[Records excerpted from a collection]
============

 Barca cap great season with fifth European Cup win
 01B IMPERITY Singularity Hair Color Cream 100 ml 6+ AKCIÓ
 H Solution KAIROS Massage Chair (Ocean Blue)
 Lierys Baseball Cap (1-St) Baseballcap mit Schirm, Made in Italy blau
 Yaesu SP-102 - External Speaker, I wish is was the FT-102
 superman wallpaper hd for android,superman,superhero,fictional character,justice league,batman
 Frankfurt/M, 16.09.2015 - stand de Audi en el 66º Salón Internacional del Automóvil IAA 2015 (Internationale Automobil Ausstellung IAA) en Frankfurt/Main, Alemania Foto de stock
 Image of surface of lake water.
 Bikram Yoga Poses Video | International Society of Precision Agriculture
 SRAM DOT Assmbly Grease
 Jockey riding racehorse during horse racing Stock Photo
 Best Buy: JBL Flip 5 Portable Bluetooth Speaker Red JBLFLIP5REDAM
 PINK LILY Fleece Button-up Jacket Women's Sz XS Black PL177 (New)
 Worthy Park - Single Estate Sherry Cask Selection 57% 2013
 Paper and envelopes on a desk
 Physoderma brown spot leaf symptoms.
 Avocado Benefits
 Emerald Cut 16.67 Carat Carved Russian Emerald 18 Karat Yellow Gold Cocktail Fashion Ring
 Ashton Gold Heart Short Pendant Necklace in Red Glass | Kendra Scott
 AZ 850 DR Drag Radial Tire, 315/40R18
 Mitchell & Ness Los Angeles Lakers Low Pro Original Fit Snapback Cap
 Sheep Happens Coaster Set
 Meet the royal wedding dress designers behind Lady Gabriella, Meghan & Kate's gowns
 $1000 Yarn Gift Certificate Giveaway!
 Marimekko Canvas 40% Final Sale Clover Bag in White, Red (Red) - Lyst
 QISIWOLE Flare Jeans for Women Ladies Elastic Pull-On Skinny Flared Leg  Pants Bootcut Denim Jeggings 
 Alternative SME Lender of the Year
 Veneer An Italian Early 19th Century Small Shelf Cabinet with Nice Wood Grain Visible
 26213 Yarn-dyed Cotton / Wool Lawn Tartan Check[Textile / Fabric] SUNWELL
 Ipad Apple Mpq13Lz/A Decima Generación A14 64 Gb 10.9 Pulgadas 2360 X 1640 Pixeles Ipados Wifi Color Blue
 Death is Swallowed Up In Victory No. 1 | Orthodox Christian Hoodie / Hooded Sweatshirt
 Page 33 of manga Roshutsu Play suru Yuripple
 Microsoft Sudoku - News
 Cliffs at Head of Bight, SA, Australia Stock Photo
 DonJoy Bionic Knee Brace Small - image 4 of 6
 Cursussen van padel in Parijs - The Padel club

============

What is needed is an exact copy of the lines above, from the one containing "superman wallpaper hd" through the one containing "PINK LILY Fleece", with nothing added.

## COMPLETED EXERCISE
 superman wallpaper hd for android,superman,superhero,fictional character,justice league,batman
 Frankfurt/M, 16.09.2015 - stand de Audi en el 66º Salón Internacional del Automóvil IAA 2015 (Internationale Automobil Ausstellung IAA) en Frankfurt/Main, Alemania Foto de stock
 Image of surface of lake water.
 Bikram Yoga Poses Video | International Society of Precision Agriculture
 SRAM DOT Assmbly Grease
 Jockey riding racehorse during horse racing Stock Photo
 Best Buy: JBL Flip 5 Portable Bluetooth Speaker Red JBLFLIP5REDAM
 PINK LILY Fleece Button-up Jacket Women's Sz XS Black PL177 (New)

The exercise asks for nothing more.